# Help with Police Check...



## Miss Swan (Apr 24, 2008)

I'm caught in a sticky situation  I'll be applying for Spouse Visa shortly, and according to its critera, under the Character requirements, I need to submit a Police Check for each country where I had resided for >12 months. 

As part of my overseas posting, I spent 13 months in India. Bearing the above requirement in mind, I contacted the High Commission of India in Singapore and they replied saying they're not able to do this.

I feel pretty lost now...because there's no way I can go back to India. My co's operations there have ended completely. And I really cannot afford to fly all the way to India.

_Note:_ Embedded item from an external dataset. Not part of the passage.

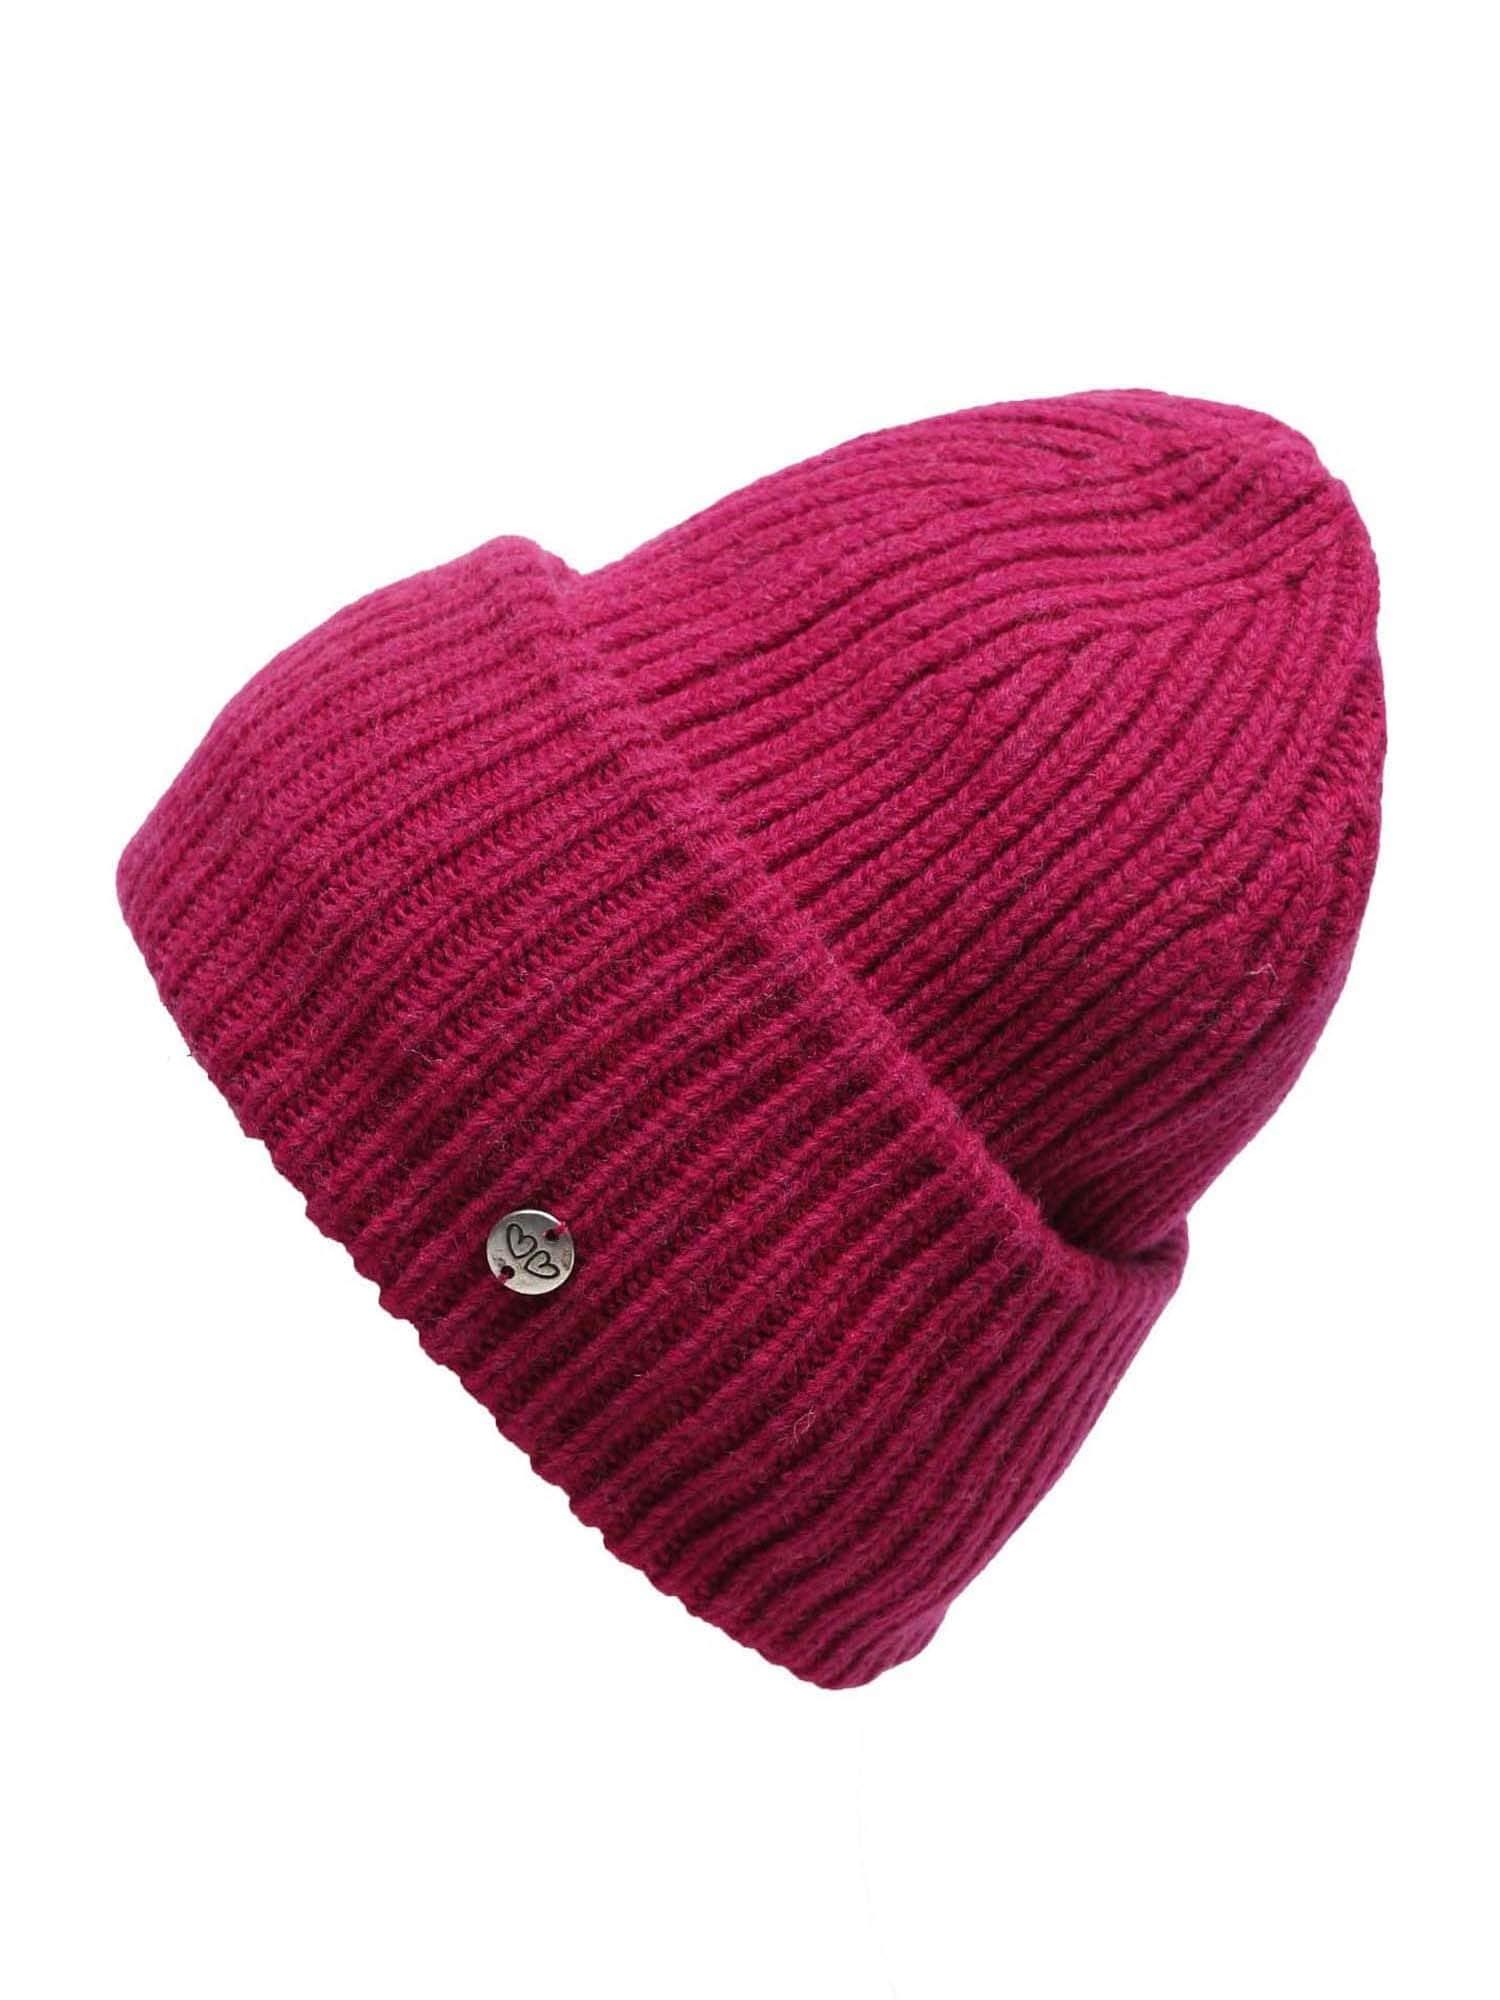 Zwillingsherz Megzta kepurė raudona

I have also contract the Australian High Commission back home and they said I absolutely have to provide this document as this is a legislative matter. 

Is there any way to do this? Will Immigration be understanding about my situation if I spoke to them about this?

~Sad Miss Swan


----------



## amaslam (Sep 25, 2008)

Hi Miss Swan:

I'm afraid PCC is set in stone, AU immi will not grant a visa without it. I don't think the India High Commission can help but it does appear you can do the India check by mail. The places to send the info request is on the Penal Clearance form by Immi (previously 47P). Have you tried contacting them directly in India?

Good luck 



Miss Swan said:


> I'm caught in a sticky situation  I'll be applying for Spouse Visa shortly, and according to its critera, under the Character requirements, I need to submit a Police Check for each country where I had resided for >12 months.
> 
> As part of my overseas posting, I spent 13 months in India. Bearing the above requirement in mind, I contacted the High Commission of India in Singapore and they replied saying they're not able to do this.
> 
> ...


----------



## Fatbrit (May 8, 2008)

amaslam said:


> Hi Miss Swan:
> 
> I'm afraid PCC is set in stone, AU immi will not grant a visa without it. I don't think the India High Commission can help but it does appear you can do the India check by mail. The places to send the info request is on the Penal Clearance form by Immi (previously 47P). Have you tried contacting them directly in India?
> 
> Good luck


Looked it up on the US State Dept web site out of interest -- they list which countries do and do not supply police certificates for US immigration purposes. Yep, I know it ain't OZ immigration -- but their data is usually accurate and the availability of such documents will be the same. They state: "Indian police certificates are not available for foreign (non-Indian) applicants applying outside India."


----------



## Miss Swan (Apr 24, 2008)

Fatbrit said:


> Looked it up on the US State Dept web site out of interest -- they list which countries do and do not supply police certificates for US immigration purposes. Yep, I know it ain't OZ immigration -- but their data is usually accurate and the availability of such documents will be the same. They state: "Indian police certificates are not available for foreign (non-Indian) applicants applying outside India."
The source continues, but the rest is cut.